Reading body language can be very interesting. People don't realize how much information they display and how noticeable it is to other people. Understanding business body language can be very rewarding. You'll know when to move forward, back off or slow down. It is also invaluable when interviewing, negotiating, running a training course or leading a team.  It has certainly helped me to cut down on the amount of mistakes I make.     

Why do we need to learn body language signals? After all, as we grow up we are able to read some signals quite easily. We can tell when our parents really mean it and we can read friends and react accordingly.

Unfortunately, business body language can be a little trickier. Gestures are smaller and can be missed very easily because we're not exactly sure what we have just seen. Someone who has decided to deceive you will conceal something in a polite way so not to cause offence. This can be quite frustrating in a sales environment, or when negotiating or even in a planning meeting, because you may go off and do a considerable amount of work only to find several weeks later that you were never going to be successful.

So what should we be concentrating on?

This is a short list that I use in training to show people how easy it is to learn business body language:

  • Voice tone, inflection and volume.
  • Eye contact.
  • Head movement.
  • Body movement including hands, arms, body and legs.

Voice tone, inflection and volume

I use the first few minutes of any business meeting to read and memorize someone's normal body language, including voice tone and volume. Using small talk allows me to understand how they speak and how they communicate. Later in the meeting when things get serious I can use my original benchmarks to check how genuine they are. 

Eye contact

Next, consider how much eye contact they are displaying and in which direction they look when using small talk. A dominant person maintains eye contact approximately 99% of the time which is a great deal more than a reserved or quiet person which is normally 60% of the time. An enthusiastic person would look you in the eyes approximately 75% of the time and would tend to look upwards and around when recalling memories. 

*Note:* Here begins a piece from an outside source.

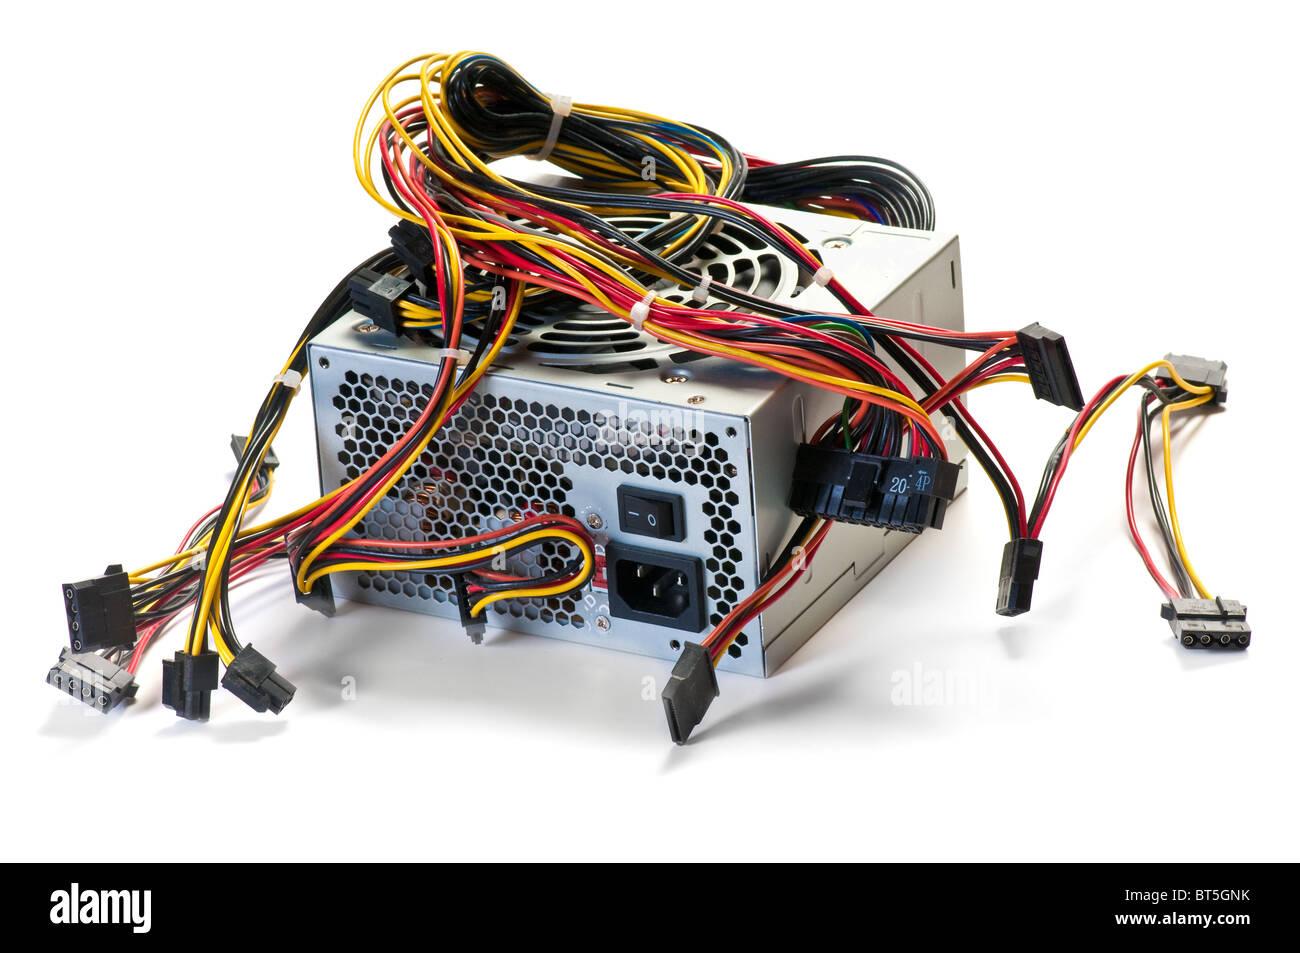 Computernetzteil isoliert auf weiß Stockbild

I usually include a question about the marketplace and the way the economy is affecting all of us. Because this is a negative topic for most people, the eyes will probably go down and the voice will be lower. What I want to know now is how their eyes drop and for how long and in which direction left or right. When important points are mentioned during the meeting, if eye contact drops further and lower and is more focused then there is probably something to be concerned about and the person may be concealing something. 

"The easy rule is that the eyes constrict when someone is concealing negative thoughts, where as dilated pupils are a sign of enthusiasm and interest."

Remember, these are only indications of something to be concerned about or partial concealment. It is not, as some believe, an indication that someone is lying. 

When lighting conditions are favorable it is very useful to gauge whether someone’s pupils are constricted or dilated. If I see a small piece of body language that concerns me and I can also see that the eyes are constricted then I know the person I'm talking to is concealing something. Likewise, when negotiating it is good to see someone's eyes become dilated, it tells me they are far more interested than they would like me to believe and that the negotiations are going well. The easy rule is that the eyes constrict when someone is concealing negative thoughts, where as dilated pupils are a sign of enthusiasm and interest.

Head movement

It is important in the first few minutes of any meeting to see how much head movement a person is using when talking about small issues.  When someone is attempting to conceal something, they will increase their eye contact to 100% directly into the eyes whilst holding their head steady. It is a subconscious movement that says if they are not looking away or fidgeting you will believe them. This stronger eye contact and steady head comes from childhood when we were told by our parents to "look me in the eye and tell me the truth". 

Hand to face

When we are thinking one thing and saying another, we feel uncomfortable. The facial skin gets warmer, especially around the base and side of the nose, ear lobes and neck. When you hear somebody say something which appears to be positive, but then they slightly rub the base of their nose at the same time, something is wrong.  What happens is that blood has come to the surface of the skin and causes minor irritation which prompts someone to touch it to clear the irritation. Note - it is not blushing and you will not see any redness. 

Body movement

Going back once again to the beginning of the meeting, what posture does this person have? Are they sitting upright, slightly forwards or slightly relaxed with their arms on the desk? How far away is their body from the desk? Enthusiastic people tend to come forwards, their hands become slightly animated and involved and their voice is a little louder. We can all see these expressions because unless you're negotiating there is no need to conceal them. 
 
However, as the meeting progresses it may appear that someone is becoming more relaxed, they move slightly away from the desk and turn to the left or the right very slightly. If this happens it is a sign that they are losing or have already lost interest and are being polite about it until the meeting finishes. This is almost certainly the case where the person you are talking to has respect for you and therefore the posture they have is an attempt to look relaxed. If when you ask the next question the voice is lower, with less inflection and tone then you can be sure that they are just being polite.   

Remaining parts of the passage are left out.